Yet - there seems to be a real barrier when it comes to libraries being open with their own catalog data. This seems rather odd because most libraries' catalogs are available for open access on the web. But try asking a library for some or all of that data and you suddenly hit a wall. Libraries don't like to say "no" so there's a lot of hemming, hawing, "we'll think about that," that goes on. But an out-and-out "yes" is rare.
I speak about this based on my experience with the Open Library, a project of the Internet Archive. The OL wants to create a humongous bibliographic database (right now only of book records) on the Web, using a wiki-like front-end that would allow anyone to edit the bibliographic data. To me the most interesting aspect of the project is that it would bring bibliographic entries to the web's surface; they could be the subject of links from other documents, and potentially could begin the creation of a bibliographic web linking books to each other. But in spite of putting out a call for bibliographic records and making personal and direct pleas to a number of libraries, the OL has received only a lukewarm response.
To be sure, any data submitted to the Internet Archive becomes publicly available. And at some time in the future it may be possible for people to download individual bibliographic records for their own use. I know that there is some speculation that OCLC "owns" the data and that the OCLC license may not allow this level of re-distribution.
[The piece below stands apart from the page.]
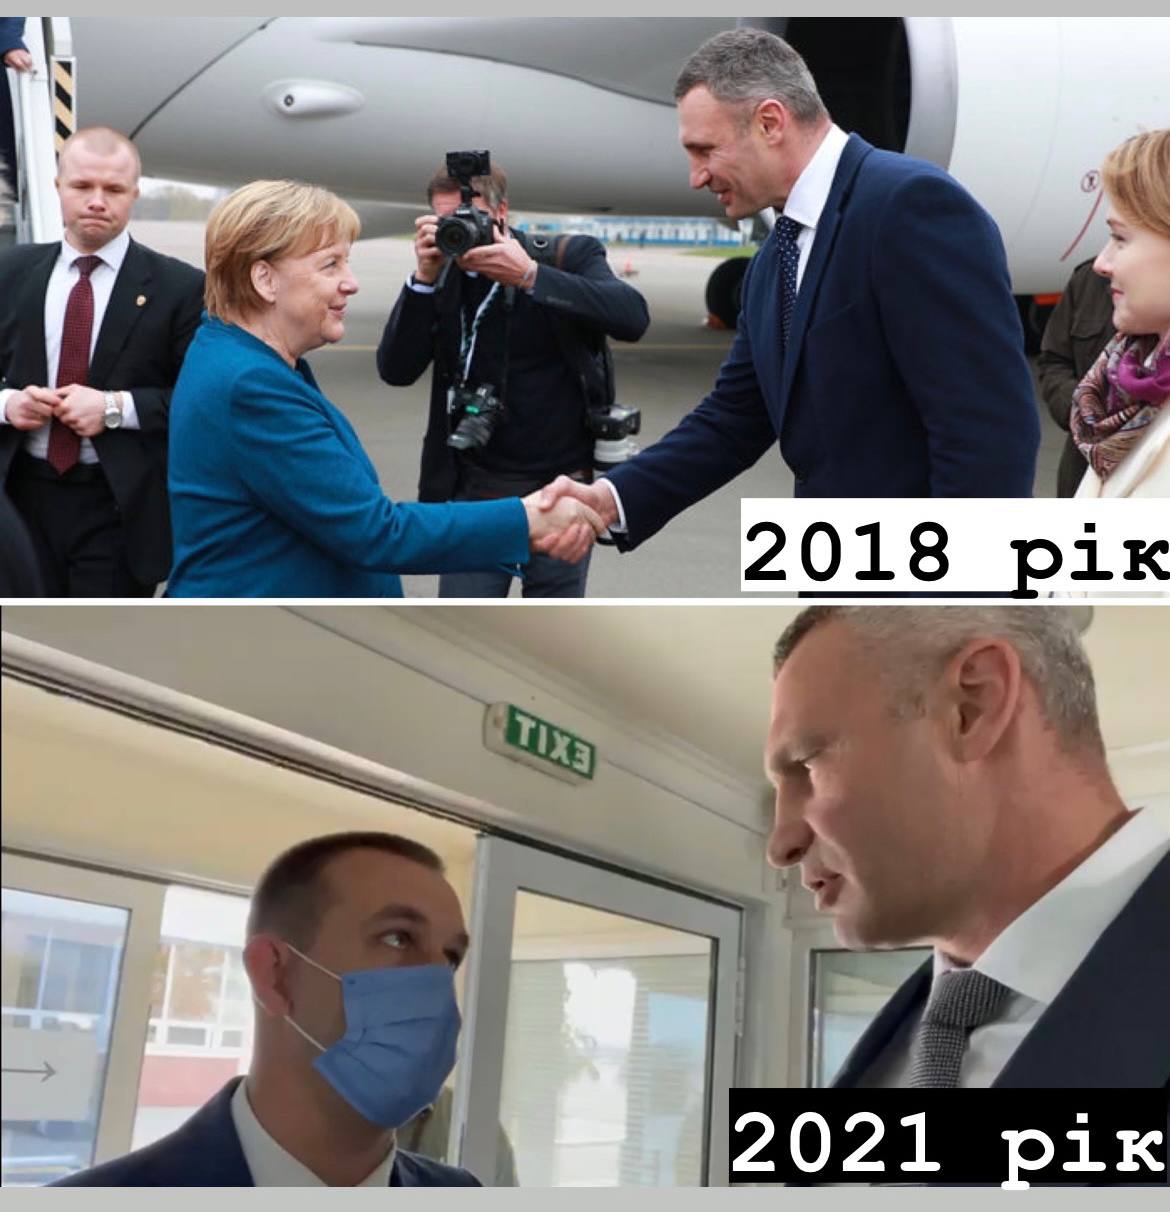 Кличко пожаловался, что его не пустили встретить Меркель в аэропорту. В ОП отреагировали

I also know that some records in library databases are covered by vendor licenses (other than OCLC). Presumably those could be excluded from the data set. But it still surprises me how un-open libraries are with their own data, given how much they encourage others to be open with theirs.
During the comment period for the Future of Bibliographic Control report, the Open Knowledge Foundation posted a call for library data openness on the OKF wiki. Many dozens signed their names to the OKF's call for open licensing of bibliographic data, including important people like Larry Lessig and Tim O'Reilly. The arguments in OKF's document seemed pretty clear to me:
Bibliographic records are a key part of our shared cultural heritage. They too should therefore be made available to the public for access and re-use without restriction. Not only will this allow libraries to share records more efficiently and improve quality more rapidly through better, easier feedback, but will also make possible more advanced online sites for book-lovers, easier analysis by social scientists, interesting visualizations and summary statistics by journalists and others, as well as many other possibilities we cannot predict in advance.Nothing of this was included in the final report.
Libraries complain that they don't get the kind of attention that Web resources like Google and OL get. They complain about the lack of transparency of the commercial data vendors; that Google won't say how many books it has online nor will it reveal its work on attempts to rank book retrievals. Libraries could be doing this experimentation themselves, and in the open, if their data were on the Web. They could be visible, out there, allowing incredible innovation to happen based on the hundreds of years of collecting materials and creating relatively consistent metadata for those materials. Their reluctance to let their data out of the databases just baffles me, and isn't in concert with their stated goals of open access.